You can't use birthdate, at least not by itself, because of the high
probability of having 2 or more people with the same DOB.  Combining it
with sex, initials, etc is just plain too cumbersome.  More than
likely, your data sets already have SSN's - so use them!  They are
_supposed_ to be unique among LIVING individuals.  You also mention
that you most often need this unique id in hospital/patient datasets.
Here again, you probably already have unique data available to you in
the form of insurance policy numbers....but, admittedly, if the patient
changes insurance companies......

One option I have employed is the use of the full telephone number
(including area code) as a unique identifier.  The limitation here is
that is only useful for tracking households, not individuals.  Two
patients from the same family would blow you away.  But it may prove a
good starting point.

You should also be aware that people with different names could end up
with the same initials, so this, too, is not good data to work with.
Sorry I couldn't be more help.



 From:  ROBERT KELLEY             Sent: 06-10-92 15:26
   To:  PAUL WILFORD              Rcvd: -NO-
   Re:  HOW TO MAKE A UNIQUE ID F

Since your usual application is healthcare related, that means you will
likely be able to get access to the people's Social Security Number.
Although there ARE rare cases of duplicate SSN's, they work well as a
key for most applications, with a very high accuracy rate.

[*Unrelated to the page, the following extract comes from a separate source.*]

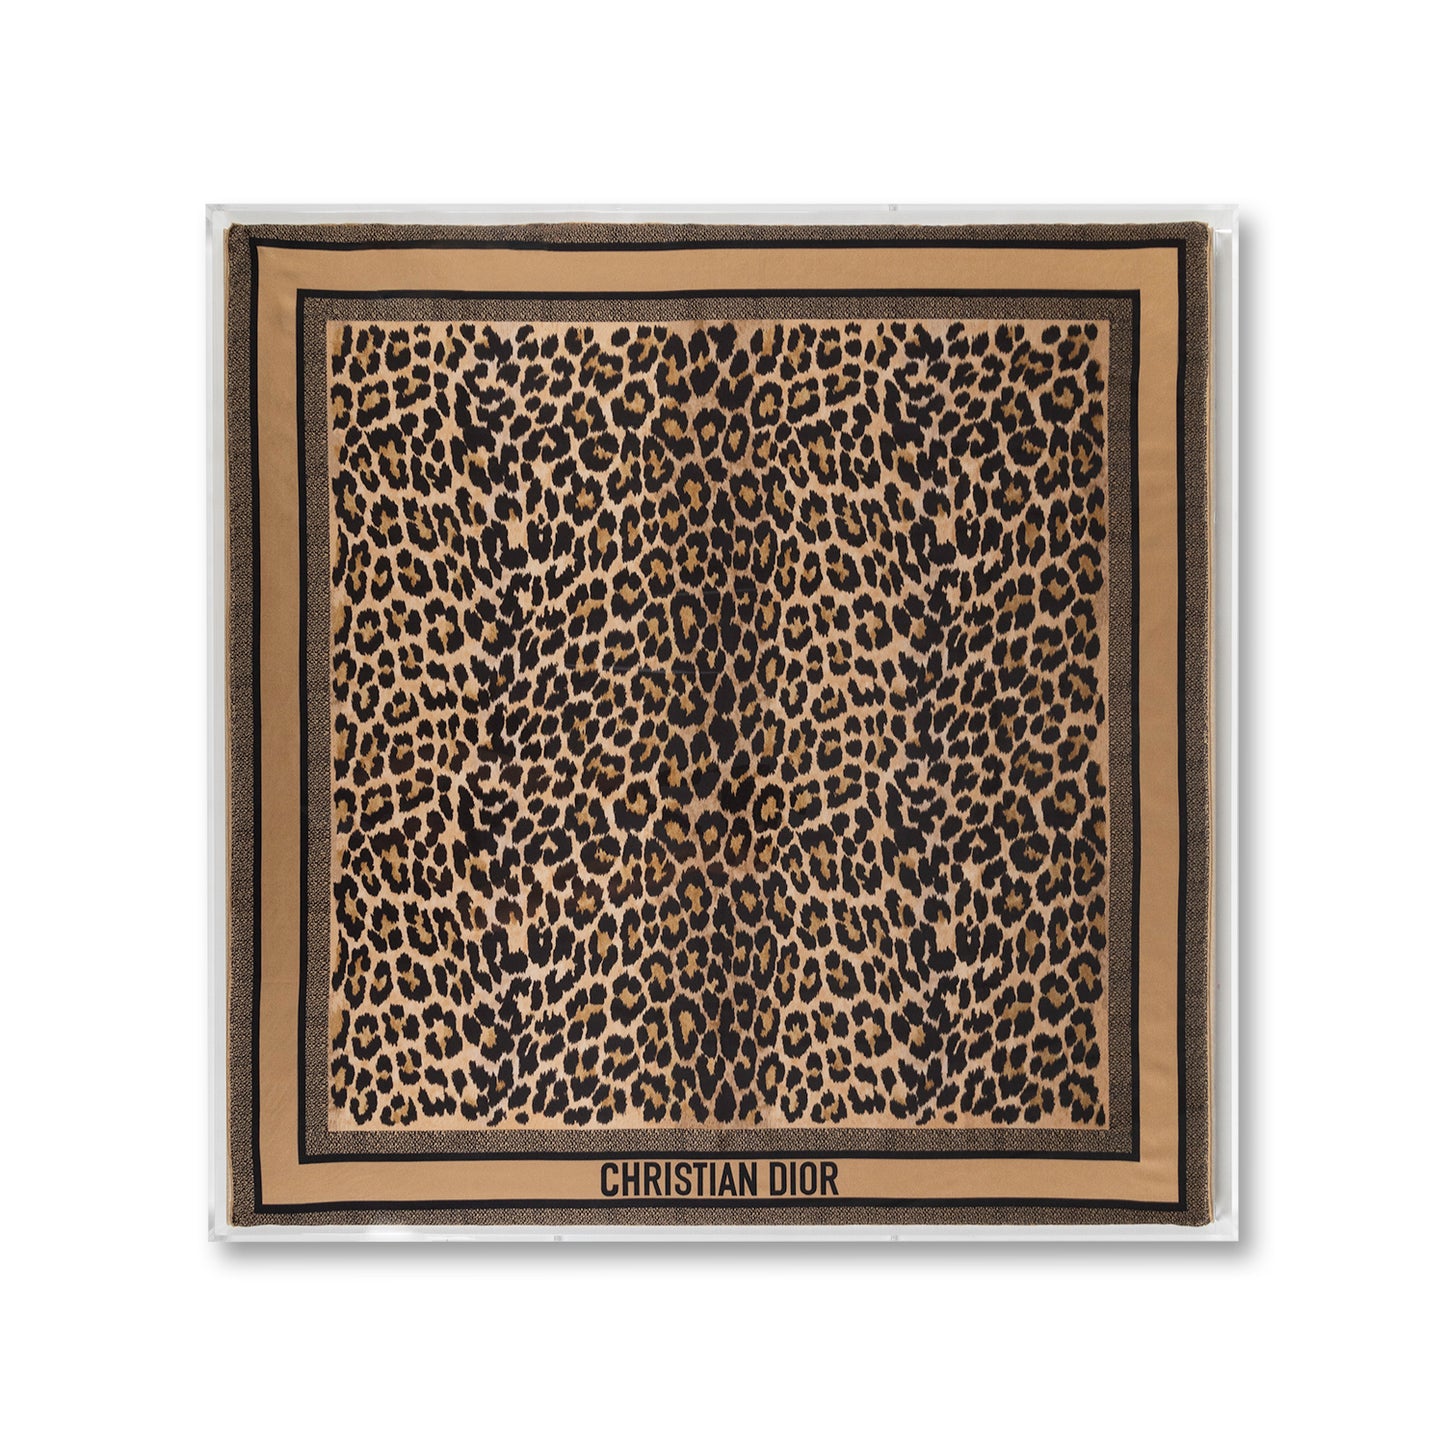 Framed Christian Dior Leopard Scarf in a 36x36x2" Shadowbox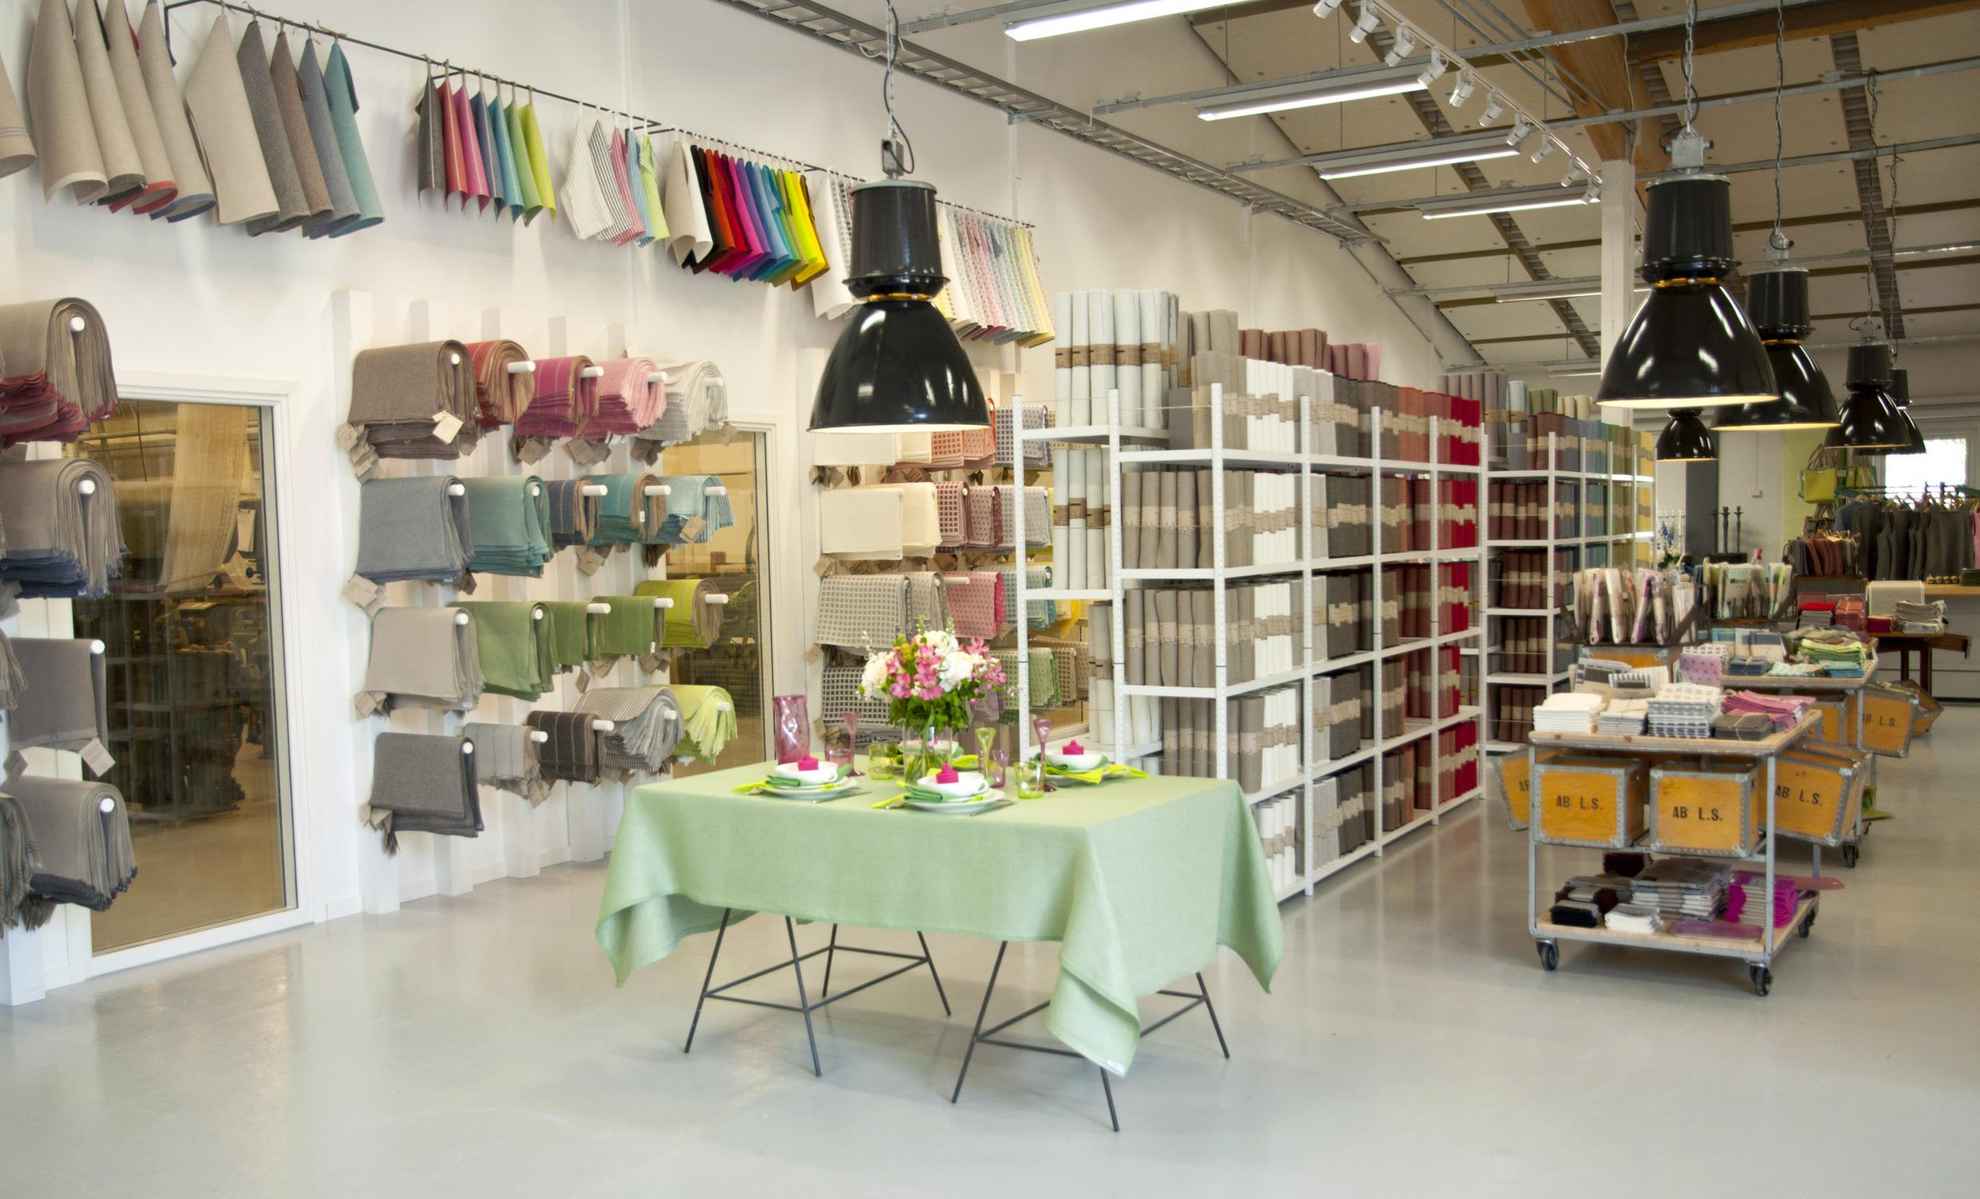 Interieur uit een fabriekswinkel met linnen producten. Planken en tafels met linnen textiel en producten. Een tafelset met een groen tafelkleed en servetten.

Insofar as fuzzy searching, I usually find it more useful to maintain
secondary indexes on fields like last name, telephone, zip code, etc.
Then use soft seek logic to get close or perform incremental searches.

regards,

    robert
===
progress?

 From:  TOM HELD                  Sent: 06-10-92 20:19
   To:  PAUL WILFORD              Rcvd: -NO-
   Re:  HOW TO MAKE A UNIQUE ID F

Paul,

I use a fairly simple method.  I use the first four letters of the last
name and the last four digits of the social security number to make an
8 character field.  It positively and economically identifies an
individual for use in relational databases.  If the last name is
shorter than four letters, append it with underline characters (_) or
                   dashes (-).

If the person's last name is "Duh", and the SSN ends in "1234", the
field would contain "DUH_1234".

Fewer characters would work nearly as well, but this length has the
advantage that the operator can usually tell at a glance to whom the
record belongs.

This system is handy in the military.  A person's SSN is considered
FOUO (for official use only), and cannot legally be stored on an
unclassified fixed hard disk - but the name and last four can!  A
related database on a FOUO floppy containing only sensitive information
may be inserted in the floppy drive during processing, as required, but
locked in a file cabinet at other times.

Precise calculations reveal that a duplication of this ID code between
2 random individuals will not occur within 6.125 jillion recyclations,
which takes us exactly 2.3 revelations beyond the second coming of Star
Trek, the 5th Generation - so replication, duplication or
misidentification is not of much concern to us right now, in this
dimension.
Tom


 From:  TERRY CARMEN              Sent: 06-10-92 22:46
   To:  PAUL WILFORD              Rcvd: -NO-
   Re:  HOW TO MAKE A UNIQUE ID F

As long as you have the person's data, you can add a unique identifier
to ithe record, such as a sequentially generated number which is
guaranteed to be unique.

The trick is to identify the patient on the next visit so you don't end
up with multiple records. The SSN is handy, but babies and illegal
immigrants don't ususally have one.

Terry

 From:  MIKE NELSON               Sent: 06-15-92 08:49
   To:  ED DAVIS                  Rcvd: -NO-
   Re:  (R)HOW TO MAKE A UNIQUE I

In a message to George Jereza <06-14-92 10:32> Ed Davis wrote:

ED>  But apply for a credit card - and you have to supply a SSN.  Why?
ED>  Interest is no longer tax deductable.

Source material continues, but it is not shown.